Where anyone on the team, again, we don't try to silo and restrict things for people. We want to help everybody grow. So, they will pull tickets, they put it out into the Slack channel. Hey, here's my merge request. This is what it is. Have a good detailed comment on their commit, and somebody will go pull that merger review or that pull request and go through it, right? They do line by line review on it, check for semantics, logic, things like that. several times we'll pull in the code, just pull their branch and get it up and running something complex and, Really want to make sure that it's good to go, before it gets, pushed out.
[00:28:58] Josh: And, and it's not just code reviews that happen in GitLab, right? There's testing that actually automatically runs on each branch. Commit, push, right?
[00:29:06] Tanner: Yeah, yeah. So we have C I C D so for our continuous integration, there's uh, you know, testing, automatic test, automated testing that goes, we do a build test, we do a prettier test, we run unit tests.
[00:29:18] Josh: Prettier. What's that?
[00:29:20] Tanner: Yeah. So linter makes it format, it's a formatter, it makes it pretty,
[00:29:24] Josh: Makes kind of the code uniformed, right? Yeah. So you don't have these wars of the zip bracket belong on the line above or below.
[00:29:31] Tanner: Yeah. Yeah, exactly. It standardizes your code base regardless of the individual developers' preferences.
So yep, they do that. For continuous integration, it has to pass those, if it fails any of those tests. It, it's failed, right? You have to go fix your, fix your code, fix whatever's going on, or if there's comments, right? Those comments have to be resolved before your code's gonna be approved and pushed.
[00:29:54] Josh: And GitLab will even block you. They won't, they'll just gray out the button and that says, you know, approve or merge, you know?
[00:30:00] Tanner: Yeah. So we have it again set up on the branches where that's the process, right? We, we want everything addressed and whether you fix it or you come to. You know, a common ground with whomever made that comment or whatever.
Right. There has to be a resolution to all of those items. So,
[00:30:17] Josh: all right, so it gets through all that. It gets approved and merged and then what happens?
[00:30:23] Tanner: At that point? It goes into a waiting for build stage, and this is build, deployed, whatever, right?
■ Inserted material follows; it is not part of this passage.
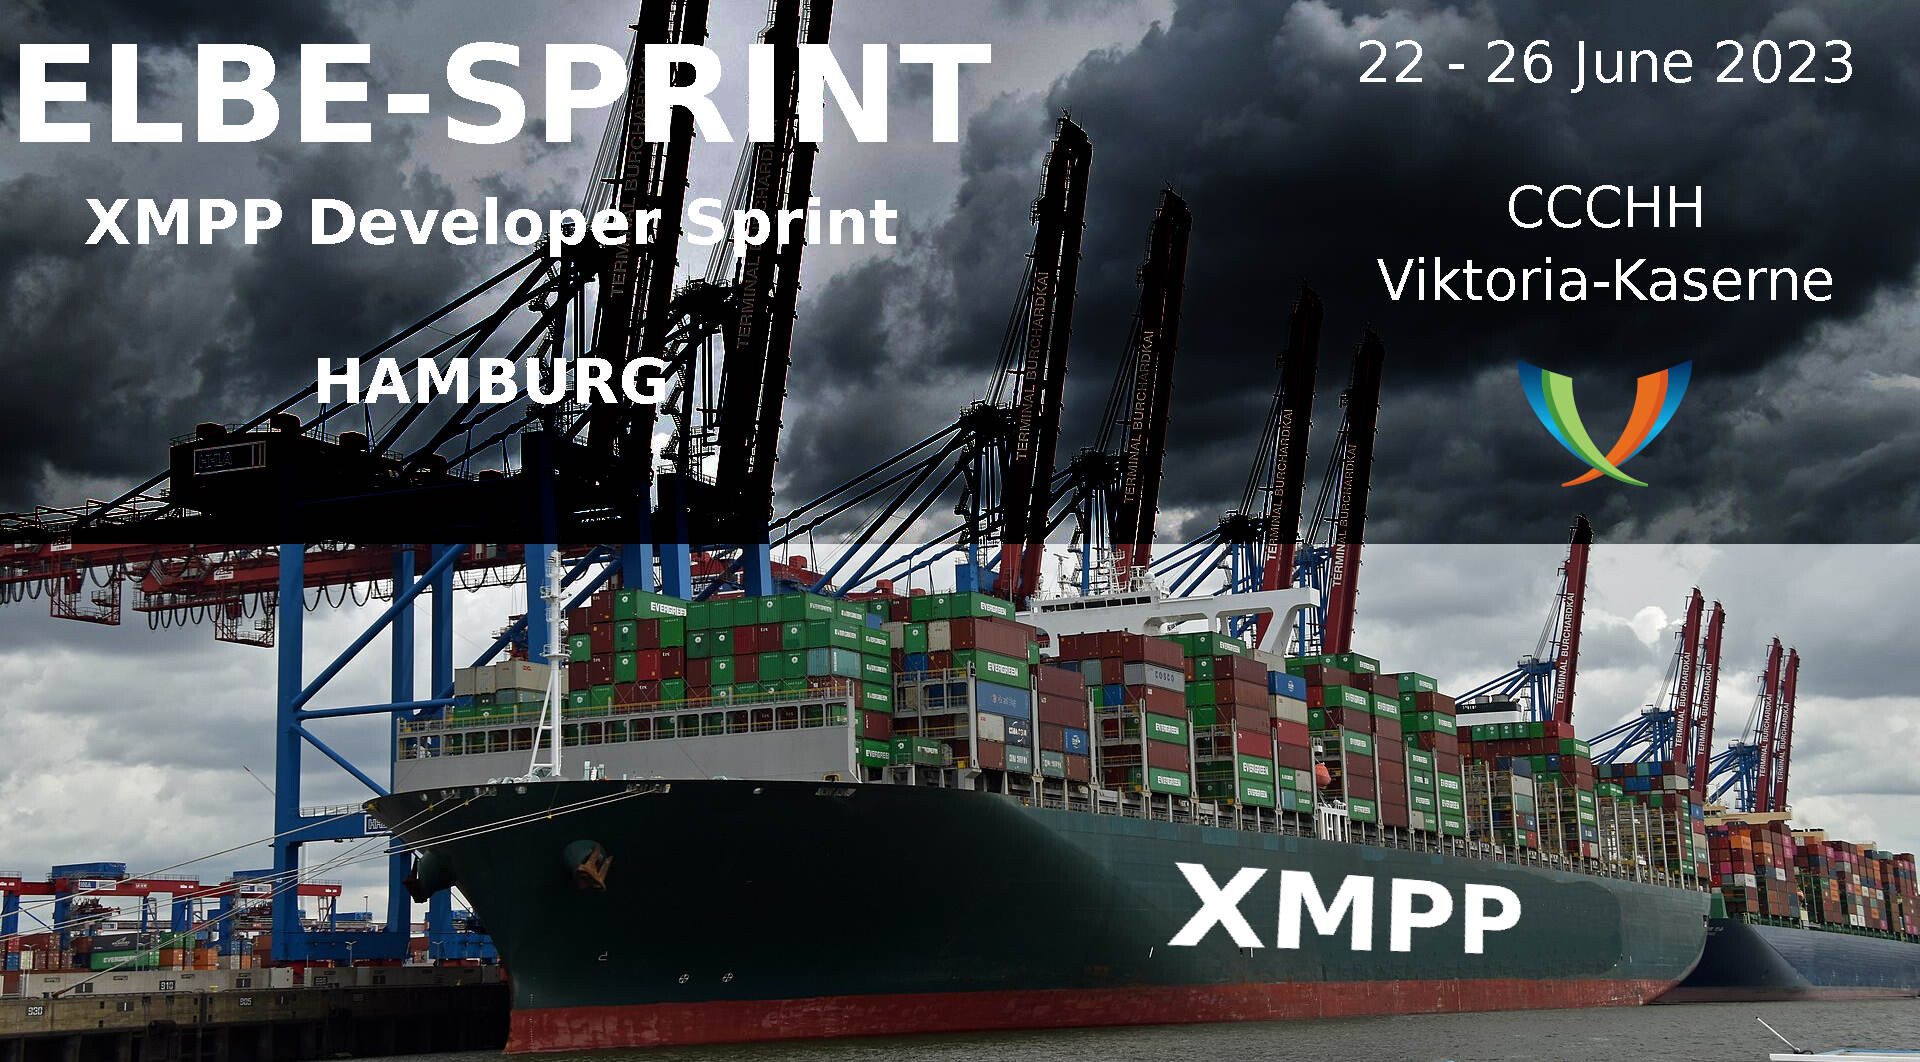 Elbe-Sprint XMPP Developer Sprint Promo Image

Depending on the type of code base that you're working on.
If it's a mobile app, then it's a build and deployment there. If it's rest or whatever, it's a deployment out to that stuff. So it sits in there until the deployment takes place. The deployment process we don't formalize it necessarily. It's kind of needs of the project. But we'll go through and do the deployment and then move those tickets into another stage which is the developer review stage.
and with this too it is the kind of the CD this the continuous deployment, right? So it gets approved and. Part of that pipeline in GitLab is to deploy out to the servers, right? So it deploys to our sandbox server, and then again at that point we move it over to the developer review column.
[00:31:14] Josh: And so what does that mean? Developer review? Didn't they just review their own code or whatnot?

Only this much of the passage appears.